I have now completed my self-appointed summer job of reading all 13 of Vancouver writer Laurence Gough’s series of novels featuring VPD homicide detectives (and eventually husband and wife) Jack Willows and Claire Parker.

I had a marvelous time watching the writer become an accomplished hard-boiled author and then a confident and accomplished novelist. Gough improves and refines his style throughout the series, and his confidence grows with each of the last 7 or 8 books.
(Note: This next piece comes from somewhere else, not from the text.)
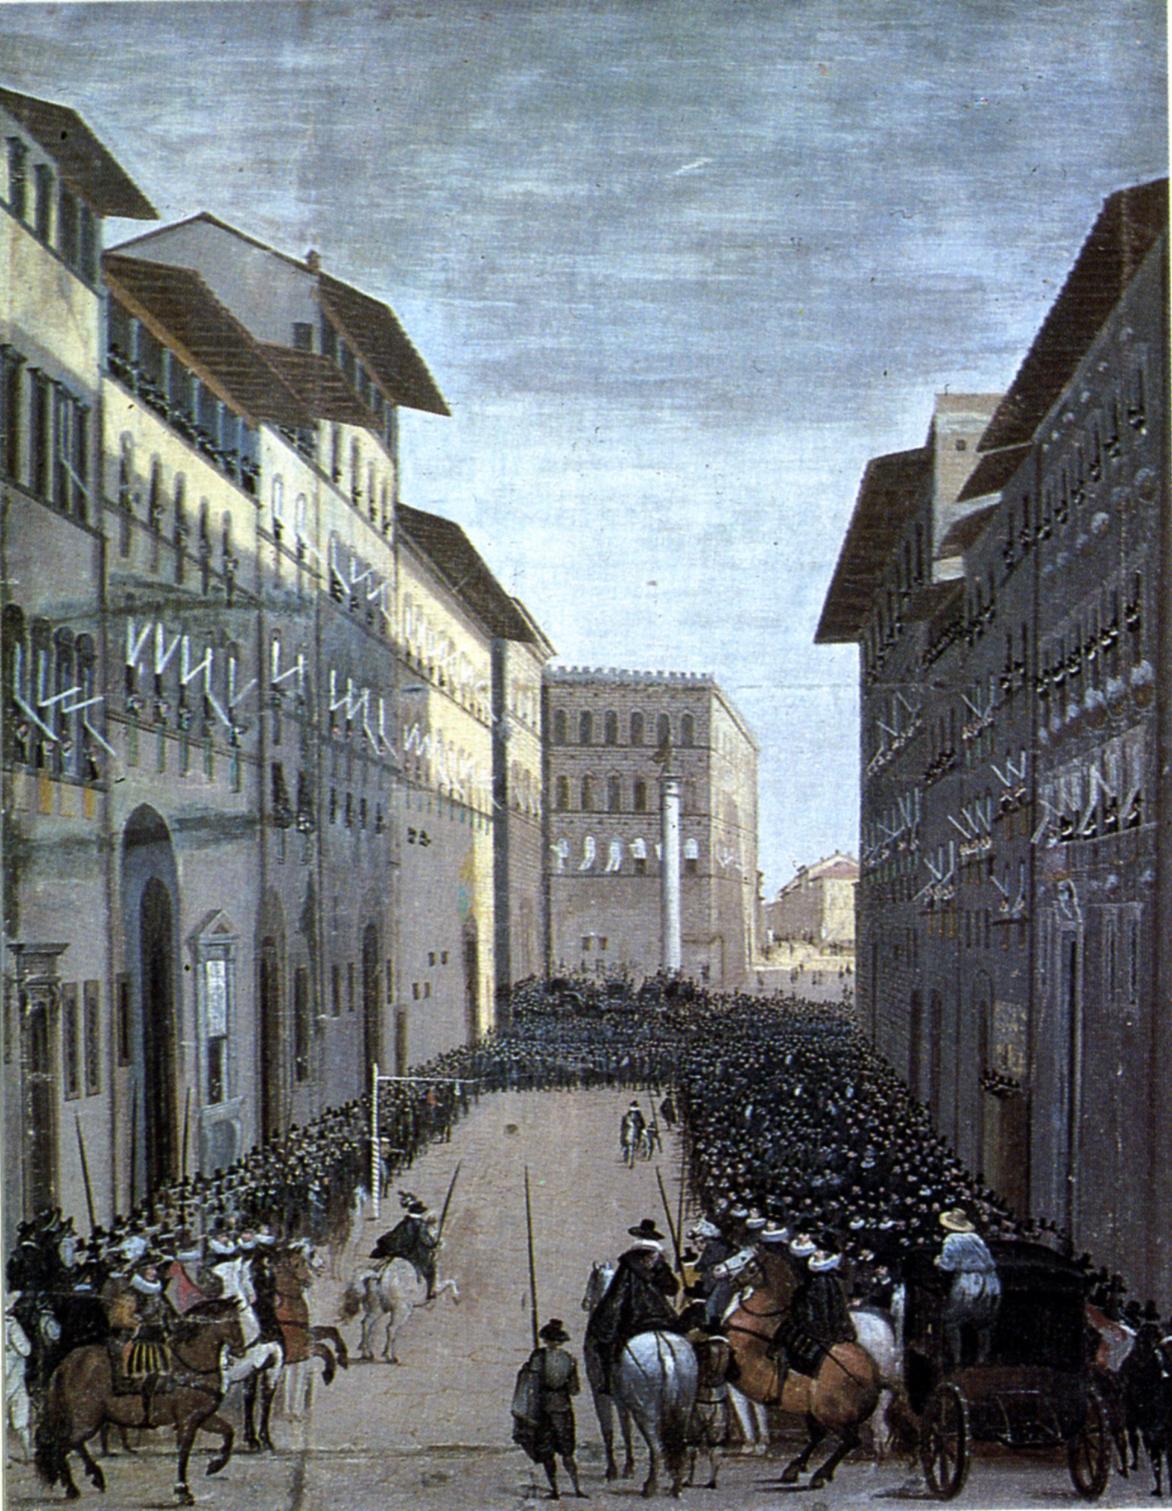 Parte Guelfa Giovanni Stradano Jan Van der Straet Giostra del Giglio il gioco dellanello veduta XVII secolo
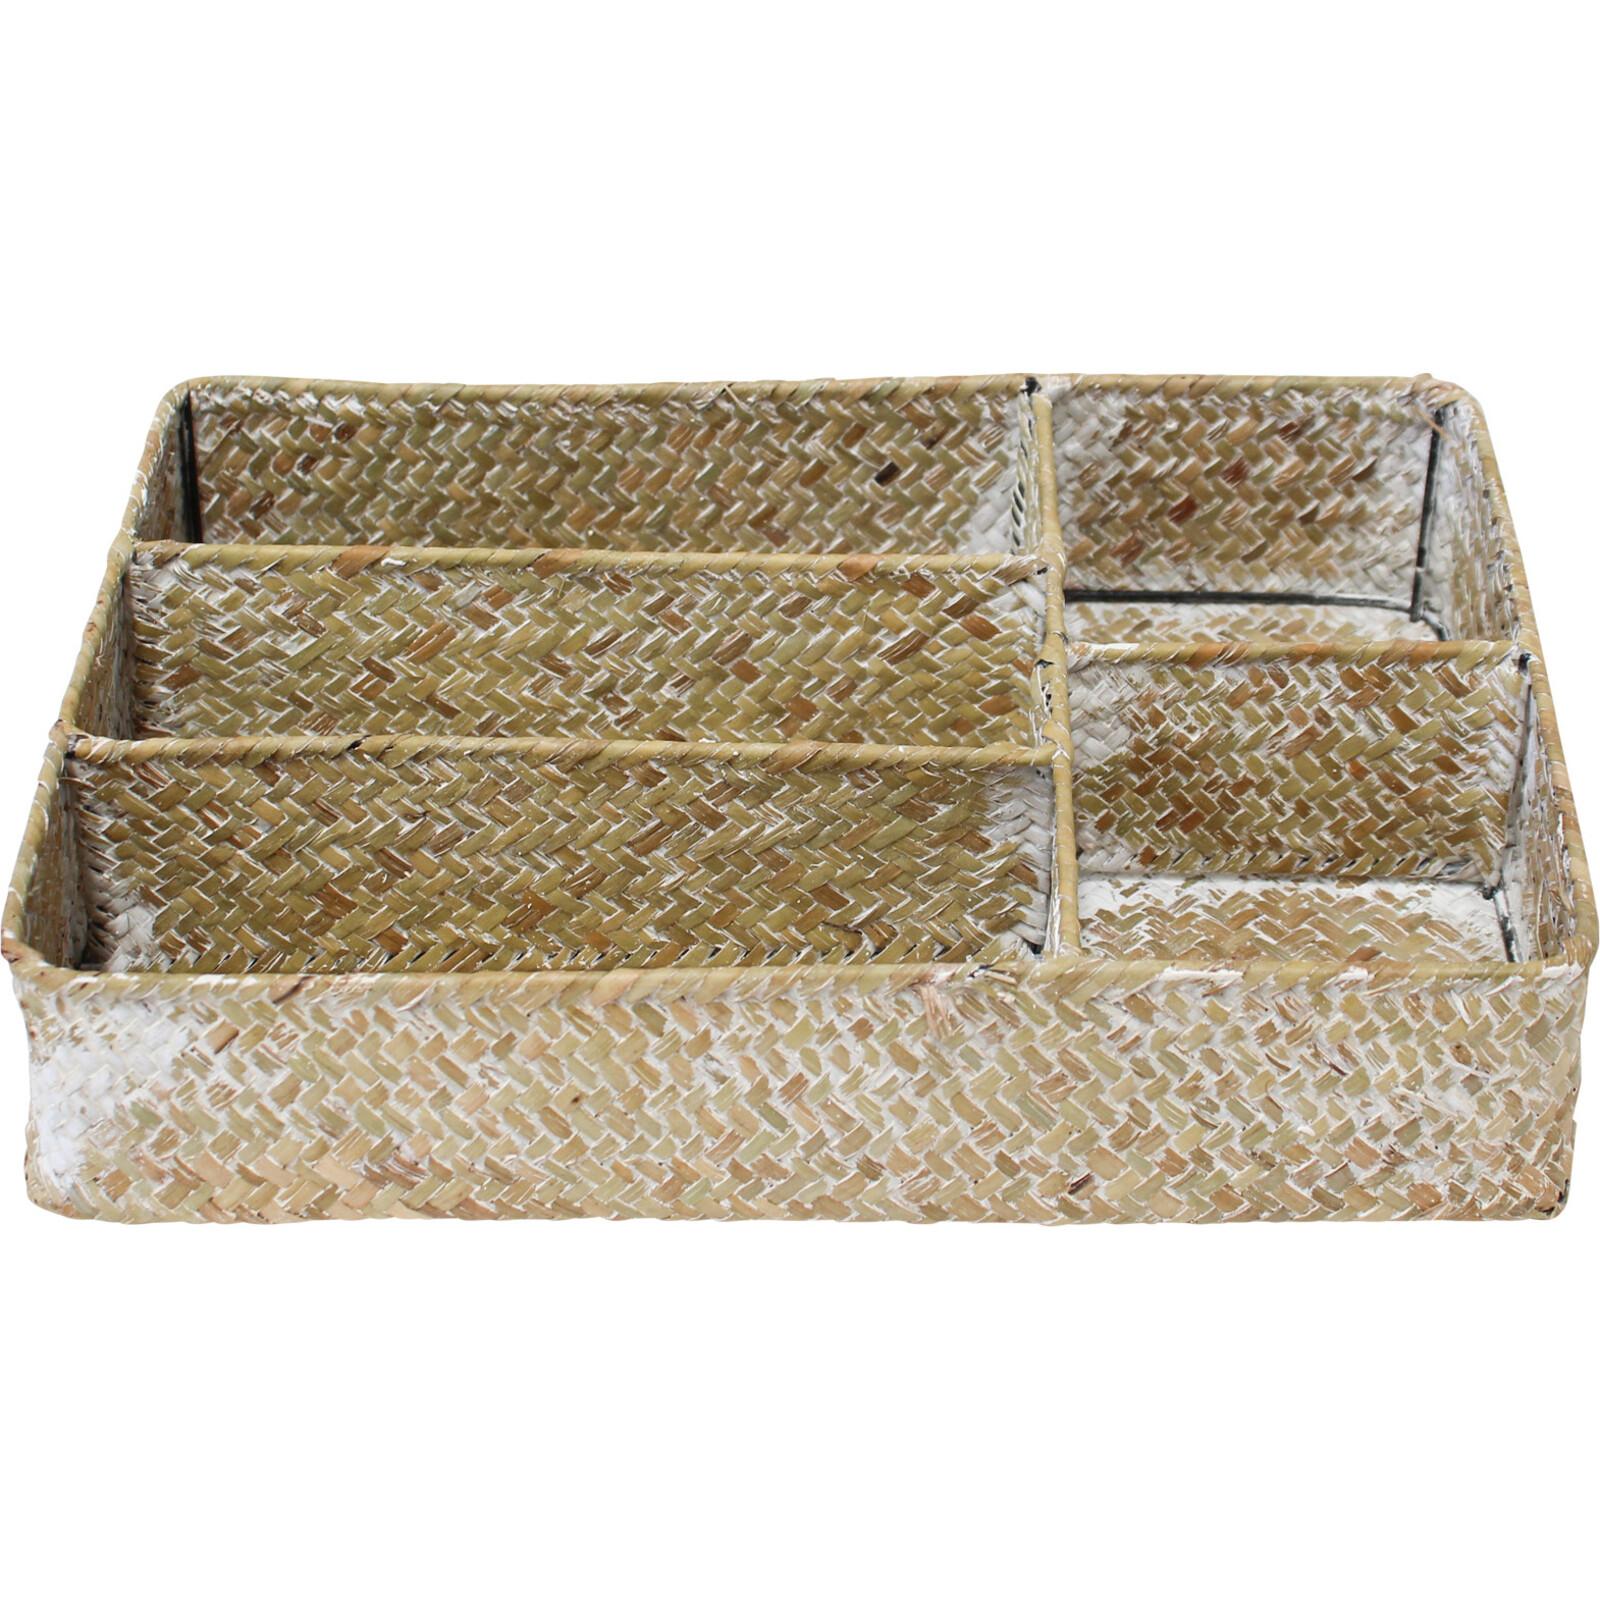 Woven Cutlery  Basket

These are hard-boiled procedurals, with a satisfying level of violence, set within the geographic, cultural and business textures of contemporary Vancouver. But they also become an extended meditation on both the nature of intimate relationships and of the human condition itself.  The 13-book series takes Willows and Parker through every which way of relationship building; from the first subtle attractions to living with Jack’s children from a previous marriage to being married with an infant son of their own.  This is no longer a particularly successful marriage, but they do the best they can.

I thoroughly recommend him both as a hard-boiled author in the tradition of Hammett and Chandler and Spillane, but also, especially in his later works, as a very good Canadian novelist in his own right.


What Next?

July 15, 2010

Just a few weeks after finishing the draft of my book and sending off the submission, I can say that the exertion of waiting to hear back is already harder than the effort of research and writing!

In the meanwhile, I’ve read a whole bunch of books — mainly by Anosh Irani and Laurence Gough, two very different Vancouver authors — watched a lot of sports (cricket, Le Tour and sumo) and cooked a number of (immodestly) fabulous meals. Each of these activities is a decent time filler, but none is as satisfying as finding out something new and pounding on the keyboard to explain it.

Retirement, or whatever this period is that I’m now in, certainly gives me the space to develop material (and I could not have completed the research on Commercial Drive without the free time). But it also reduces the urgency of getting things done over a weekend, say, or in the few hours available in the evening after a days’ work. Learning and applying self-discipline within a completely open schedule can be a tough slog!

But what to work on? I have an enormous amount of unused research from the Commercial Drive book and I had assumed I would work that up into something different; we’ll see. Perhaps I’ll try to build on some of the unfinished novels and short stories I have stashed away over the years. Maybe I should start by writing more blog posts. Hmmm, now there’s an idea worth pursuing.